Health care professionals and patients are rather untapped sources of knowledge regarding patient safety in primary health care
Current awareness
Validation is performed on a new survey capturing rating of risks and solutions.
The validation of the health care professional survey is tentatively acceptable.
Survey answers indicate that health care professionals’ and patients’ perspectives are complementary.
Main statements
Introduction
Patient safety in primary health care (PHC) demands increased focus, because most health care encounters happen in PHC. Diagnostic error – delayed, missed, or incorrect diagnoses [Citation1] – are common in PHC, especially in cases of serious preventable harm [Citation1–3]. Medication errors are also common in PHC, occurring in 3–10% of all doctor visits where drugs are prescribed [Citation4]. Few interventions for safer PHC have been tested and none implemented systematically [Citation5]. Of tested interventions, not all have been successful: for example, attempting safer care through computer-based interpretation of atrial fibrillation led to diagnostic errors [Citation6].
The LINNEUS collaboration identified four main areas of patient safety in PHC [Citation7]: diagnostics, medication, communication and organisation. Patient involvement in safety work is critical [Citation8], and it is well understood that intervention implementation is facilitated when solutions originate from people present in the system [Citation9].
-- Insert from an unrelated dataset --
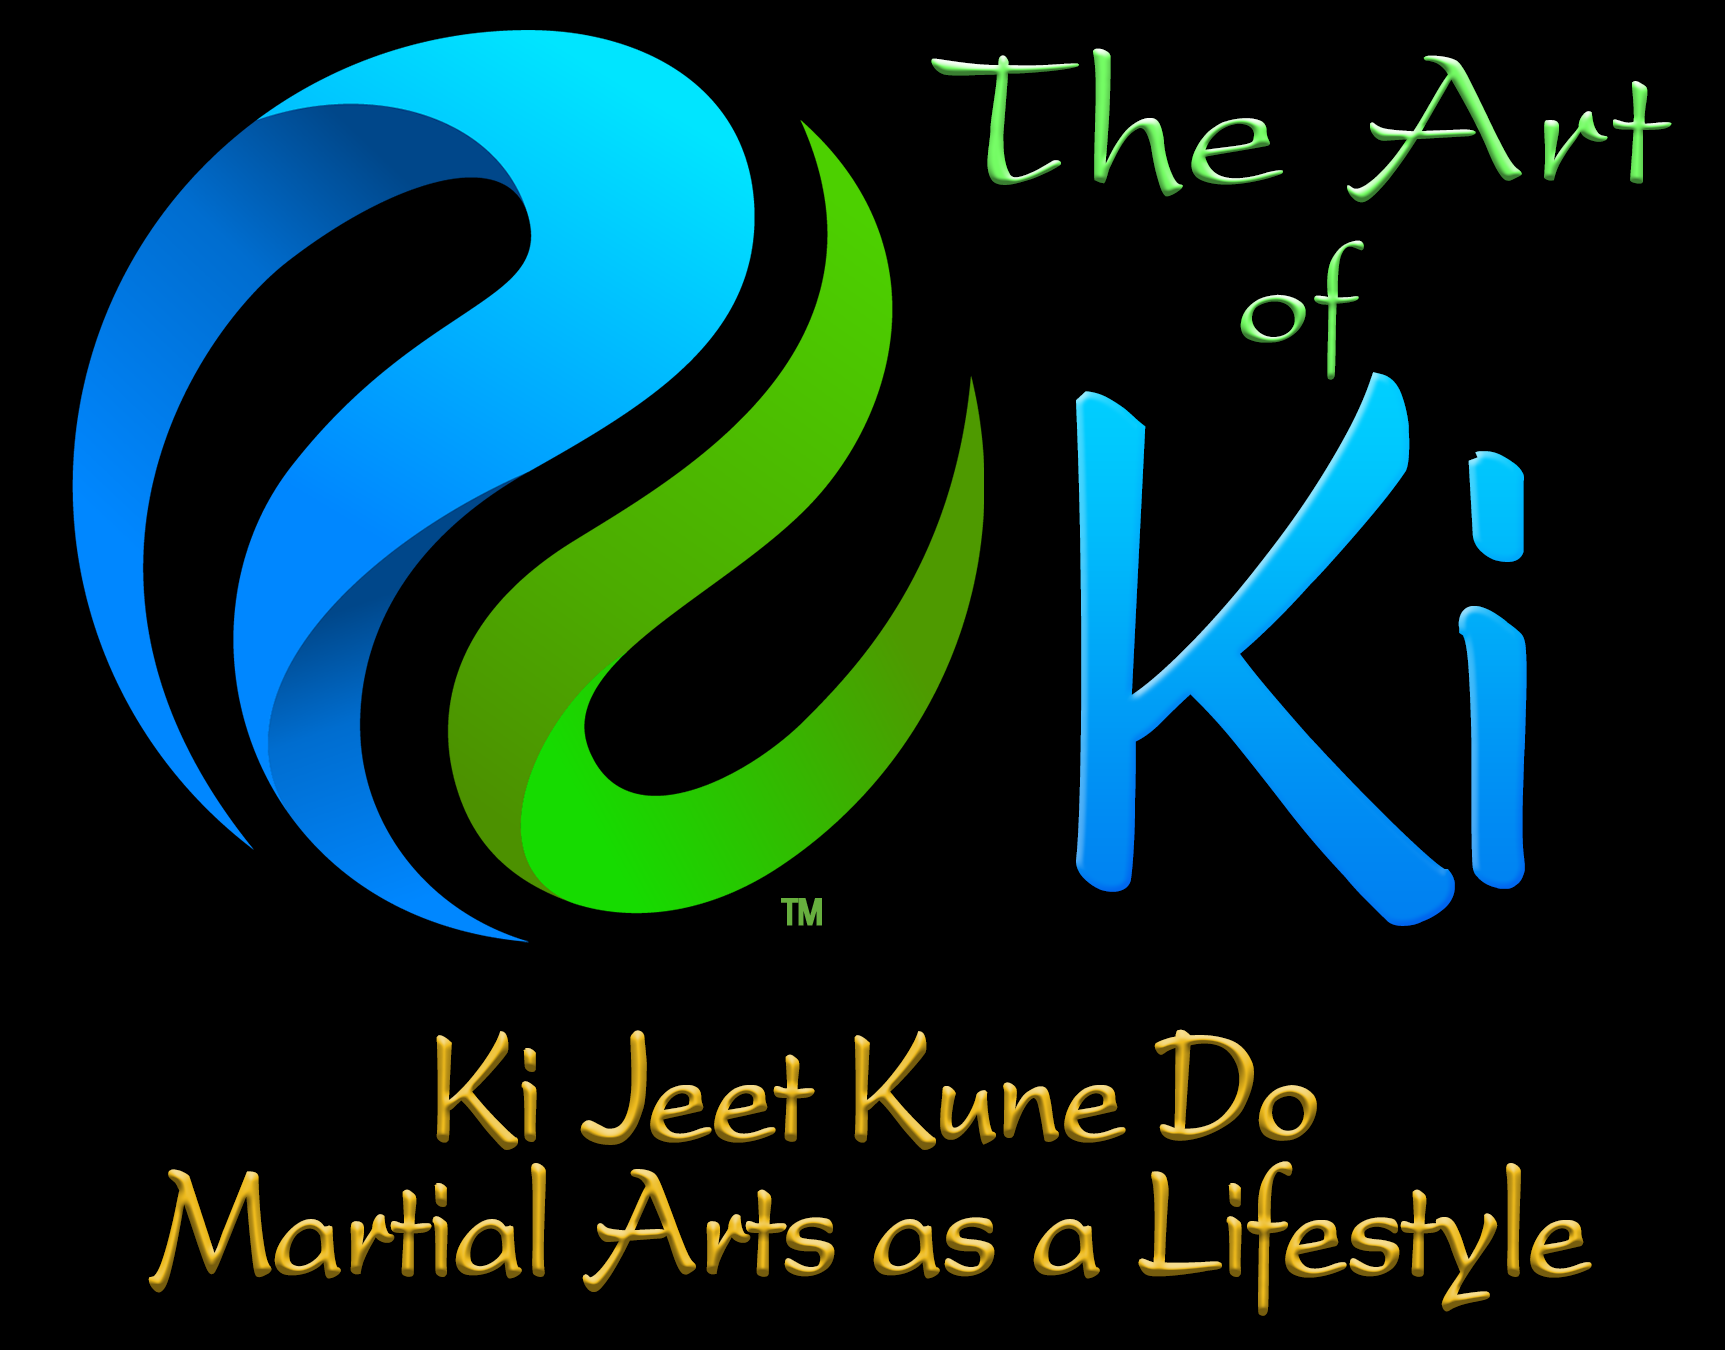 Ki Martial Arts - The Art of Ki - Ki Jeet Kune Do - Ki JKD

The Yorkshire Contributory Factors Framework (YCFF) is an evidence-based framework of factors contributing to patient safety incidents in hospital settings [Citation10]. A qualitative study with patients and carers explored patient safety factors in primary care compared to YCFF [Citation11]. Furthermore, General Practitioner (GP) perspectives on patient safety incidents have been explored [Citation12]. However, it is still unknown what contributing factors or risks are considered important for mitigation from both health care professionals’ (HCPs’) and patients’ perspectives. Our group has earlier conducted a qualitative study to identify factors important for understanding risks and solutions for patient safety issues in PHC [Citation13]. These results were used in the present study to guide the design of the surveys for HCPs and patients. There is an instrument for assessing patient safety culture in primary care (Manchester Patient Safety Framework) but no instrument for assessing which patient safety issues should be prioritised to address.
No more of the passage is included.